WORK INSTRUCTIONS. Could you find every line in the entries below that holds the word "https" and copy it?

DATA FOR THE TASK.
+ + + + +

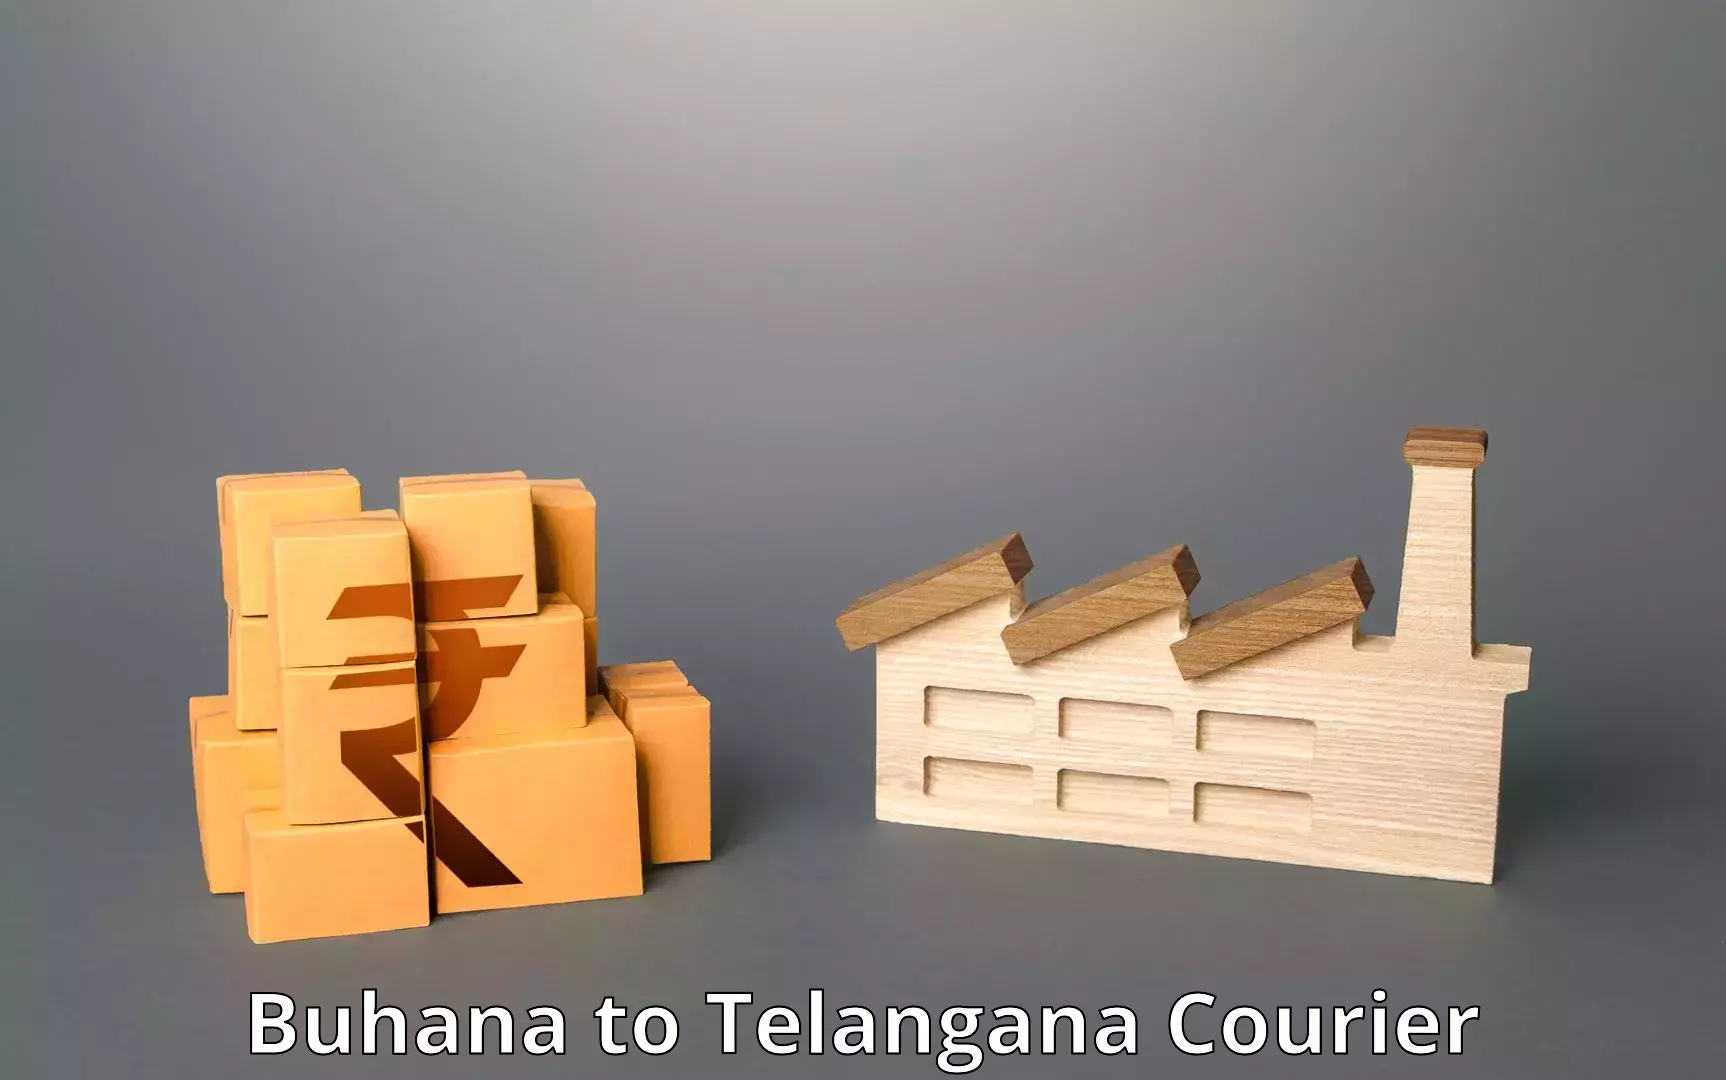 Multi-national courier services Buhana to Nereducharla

+ + + + +

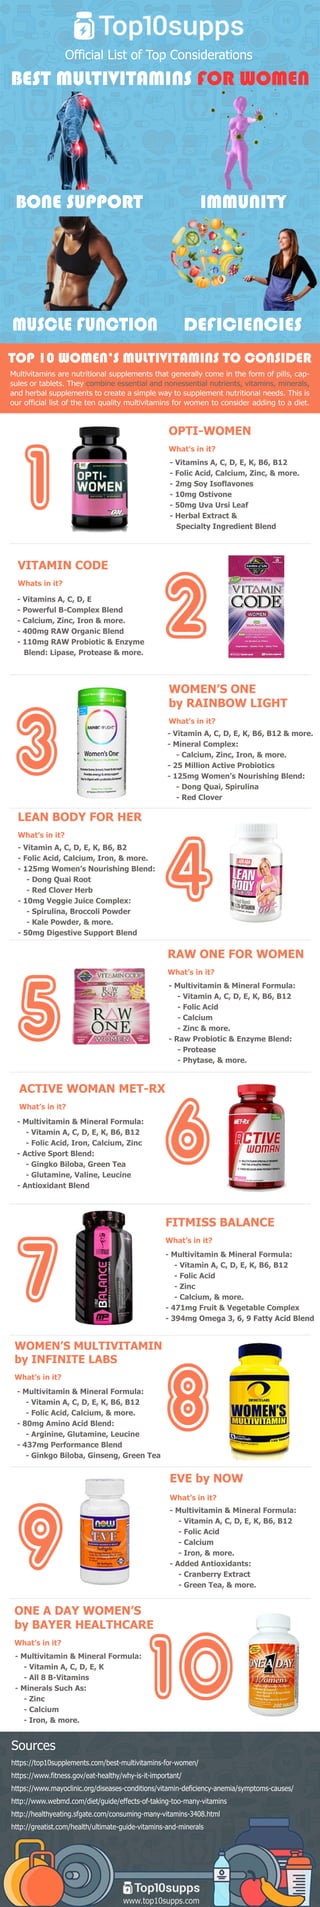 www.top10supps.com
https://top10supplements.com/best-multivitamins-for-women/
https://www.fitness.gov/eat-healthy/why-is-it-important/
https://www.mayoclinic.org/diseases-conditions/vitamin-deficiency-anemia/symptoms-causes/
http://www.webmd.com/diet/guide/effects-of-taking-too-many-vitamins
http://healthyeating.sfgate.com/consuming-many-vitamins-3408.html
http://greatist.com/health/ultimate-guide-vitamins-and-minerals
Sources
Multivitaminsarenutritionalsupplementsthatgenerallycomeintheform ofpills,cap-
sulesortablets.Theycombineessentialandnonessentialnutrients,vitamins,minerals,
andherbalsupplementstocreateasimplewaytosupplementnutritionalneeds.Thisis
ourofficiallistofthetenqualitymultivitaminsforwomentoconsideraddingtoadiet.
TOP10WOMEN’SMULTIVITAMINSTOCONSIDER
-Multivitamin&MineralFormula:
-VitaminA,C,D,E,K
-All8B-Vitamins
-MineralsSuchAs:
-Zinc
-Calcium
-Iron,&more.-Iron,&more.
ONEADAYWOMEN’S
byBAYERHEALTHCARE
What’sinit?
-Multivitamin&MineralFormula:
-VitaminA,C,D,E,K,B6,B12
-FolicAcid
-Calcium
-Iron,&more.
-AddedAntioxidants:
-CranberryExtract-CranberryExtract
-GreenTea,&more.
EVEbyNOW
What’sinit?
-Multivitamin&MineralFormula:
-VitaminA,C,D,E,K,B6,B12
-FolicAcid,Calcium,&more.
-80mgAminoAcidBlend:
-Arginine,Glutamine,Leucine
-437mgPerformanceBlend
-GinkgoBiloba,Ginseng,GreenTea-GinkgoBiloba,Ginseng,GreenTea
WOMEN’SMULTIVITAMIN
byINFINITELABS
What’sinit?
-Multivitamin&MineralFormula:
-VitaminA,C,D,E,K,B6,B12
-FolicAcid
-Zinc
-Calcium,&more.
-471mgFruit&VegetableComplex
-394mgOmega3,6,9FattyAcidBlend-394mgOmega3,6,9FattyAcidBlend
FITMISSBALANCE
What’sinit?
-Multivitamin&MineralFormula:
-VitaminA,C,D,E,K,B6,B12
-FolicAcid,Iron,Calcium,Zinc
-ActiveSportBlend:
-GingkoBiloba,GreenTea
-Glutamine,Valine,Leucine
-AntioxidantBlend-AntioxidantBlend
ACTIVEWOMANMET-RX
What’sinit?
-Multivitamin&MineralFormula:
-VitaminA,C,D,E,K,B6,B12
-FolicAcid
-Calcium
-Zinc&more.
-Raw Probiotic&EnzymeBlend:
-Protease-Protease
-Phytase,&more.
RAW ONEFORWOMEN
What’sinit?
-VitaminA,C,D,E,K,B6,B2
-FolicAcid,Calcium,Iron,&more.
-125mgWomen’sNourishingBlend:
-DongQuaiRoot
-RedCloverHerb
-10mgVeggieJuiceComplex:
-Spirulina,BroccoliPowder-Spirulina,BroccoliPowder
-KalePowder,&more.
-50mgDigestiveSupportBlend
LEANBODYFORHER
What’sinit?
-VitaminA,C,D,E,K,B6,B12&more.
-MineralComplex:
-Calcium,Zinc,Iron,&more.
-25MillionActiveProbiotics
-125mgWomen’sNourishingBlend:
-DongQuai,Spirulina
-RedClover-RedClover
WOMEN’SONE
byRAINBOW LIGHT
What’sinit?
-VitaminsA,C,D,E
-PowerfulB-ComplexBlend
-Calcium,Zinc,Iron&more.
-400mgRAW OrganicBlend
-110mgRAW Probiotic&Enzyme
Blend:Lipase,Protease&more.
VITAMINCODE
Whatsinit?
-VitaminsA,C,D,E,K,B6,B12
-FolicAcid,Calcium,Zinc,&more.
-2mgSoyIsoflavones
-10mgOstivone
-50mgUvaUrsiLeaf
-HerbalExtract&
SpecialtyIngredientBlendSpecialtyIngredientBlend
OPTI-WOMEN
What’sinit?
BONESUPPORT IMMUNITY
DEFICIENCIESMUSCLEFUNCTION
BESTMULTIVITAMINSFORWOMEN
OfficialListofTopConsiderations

+ + + + +

REPLY.
https://top10supplements.com/best-multivitamins-for-women/
https://www.fitness.gov/eat-healthy/why-is-it-important/
https://www.mayoclinic.org/diseases-conditions/vitamin-deficiency-anemia/symptoms-causes/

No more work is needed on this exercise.